Ini semua bukan lain, agar mendapatkan pemahaman yang benar, utuh, dan kontekstual dengan zaman. Sebab jika Islam dimaknai secara laterlek saja, maka tidak akan bisa akrab dengan perkembangan zaman. Islam tidak akan mampu menjadi rahmatal lil ‘alamin. Islam tidak akan sholih likulli zaman wa makan.

Berbeda dengan Islam radikalis-tekstualis, Islam yang diwarisi oleh Nahdlatul Ulama (NU) adalah Islam yang moderat, baik dari segi politik, sosial, maupun budaya. Apa yang NU bawa merupakan khazanah lawas yang telah diajarkan oleh para ulama yang sanadnya muttashil sampai Nabi Muhammad SAW.

NU mampu dalam menerjemahkan Islam dalam konteks masyarakat, sehingga Islam datang ke Nusantara bukan meng-arabkan, tapi meng-islamkan. NU mampu membuka ruang-ruang diskusi yang lalu menciptakan akulturasi budaya Islam yang mapan. Apalagi, dengan budaya yang semakin kuat, akan menjadikan jamaah semakin solid yang lalu mengantarkan dalam barisan satu pemahaman dan tidak mudah pecah belan serta diadu domba.

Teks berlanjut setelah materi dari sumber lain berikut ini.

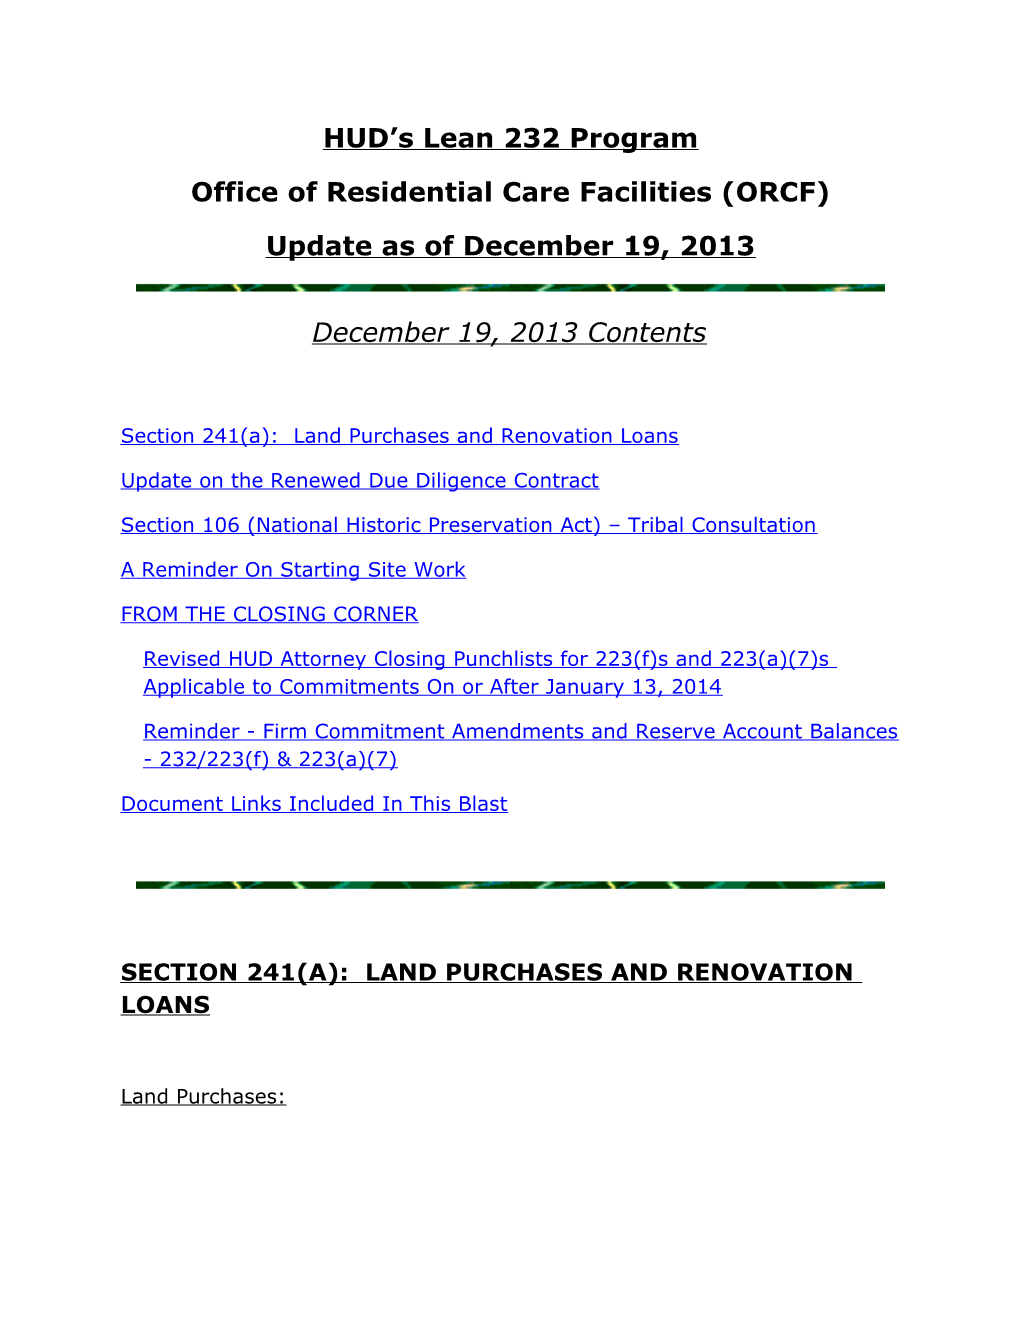 Office of Residential Care Facilities (ORCF) s1
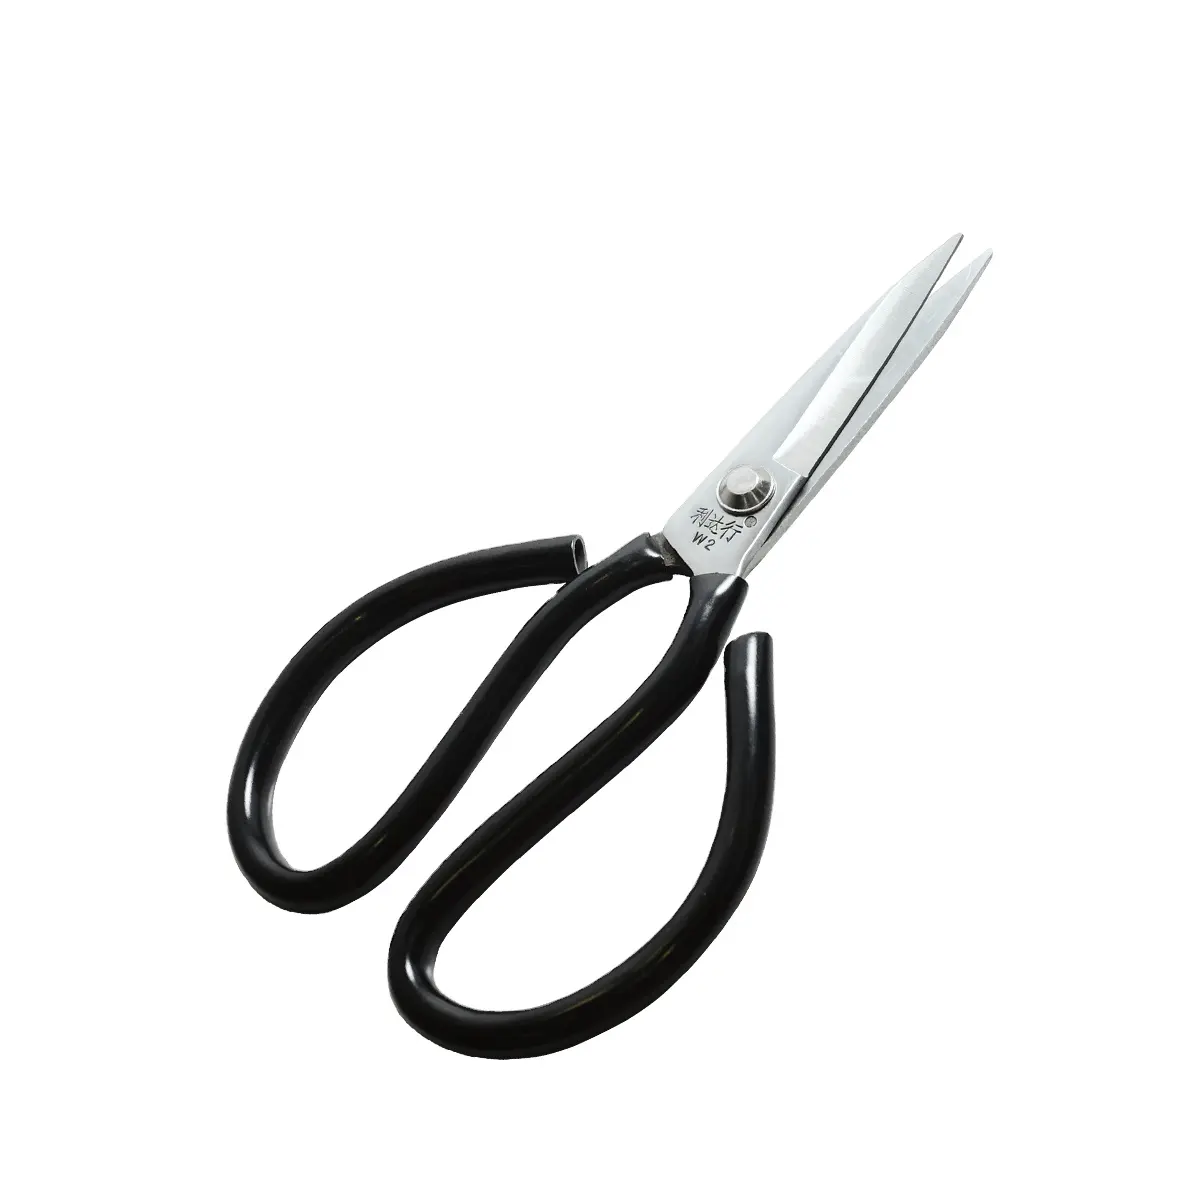 LDH-W1 Traditional scissors shoes tools leather cut

Sekira budaya yang bertentangan dengan Islam dihilangkan, budaya-budaya yang tidak bertentangan tetap dilestarikan, alhasil, datangnya Islam di Nusantara tidak mengubah dan merampas jati diri bangsa, malahan semakin memperkayanya. Prinsip-prinsip seperti itu yang sampai saat ini NU pegang. Tercermin pula dalam kaidah fikih yang menjadi pedoman kiai-kiai NU, “Al-Mukhafadzu ‘ala Qadim as-Sholih, wal Akhdu ‘ala Jadid al-Ashlah,” yang artinya tetap menjaga budaya lama yang baik serta menerima dan membuka terhadap budaya baru yang baik pula.

Output yang dikeluarkan jelas! Yaitu menjadi Muslim yang memiliki keteguhan iman dan dapat menghormati sesama. Tidak pernah sekalipun terdengar kiai-kiai NU mencela pemeluk agama lain hanya gara-gara beda agama. Bahkan, NU juga berperan aktif dalam menjaga kedamaian antarumat beragama. Tidak hanya melalui seremonial dialog saja, melainkan terjun langsung ke lapangan. Misalnya ketika ada perayaan hari raya agama lain, NU dengan Banser-nya turut mengamankan agar acara tersebut berjalan lancar dan aman.

Memberikan kelonggaran beribadah kepada umat agama lain adalah suatu hal yang mutlak. Analoginya, jika umat Islam tidak ingin diganggu ibadahnya oleh umat agama lain, maka jangan sekali-kali mengganggu umat agama lain dalam beribadah. Jika tidak ingin dicaci, maka jangan mencaci. Apalagi, Islam membawa misi rahmatal lil ‘alamin. Yang memberikan kasih sayang dan rahmat bagi seluruh alam semesta. Nah, membangun kerukunan beragama termasuk salah satu dari sisi-sisi rahmatnya Islam. Iman-iman seperti ini yang akan terus NU pegang, bahwa menjaga perdamaian dan kerukunan umat beragama, sama wajibnya dengan menjalankan syariat-syariat pokok Islam lainnya.

Pun demikian dengan Pancasila yang menjadi dasar dari titik temunya semua pemeluk agama dan kepercayaan yang ada di Indonesia, akan terus dirawat dan dipertahankan. Jika Pancasila menjadi kunci dalam perdamaian dan kerukunan umat beragama, maka menjadi haram untuk dirusak ataupun diganti dengan ideologi lain. Dengan menghilangkan Pancasila, maka sama halnya dengan mengundang kebencian dan peperangan antar pemeluk agama, sedangkan peperangan dan permusuhan sendiri sangatlah dibenci Islam.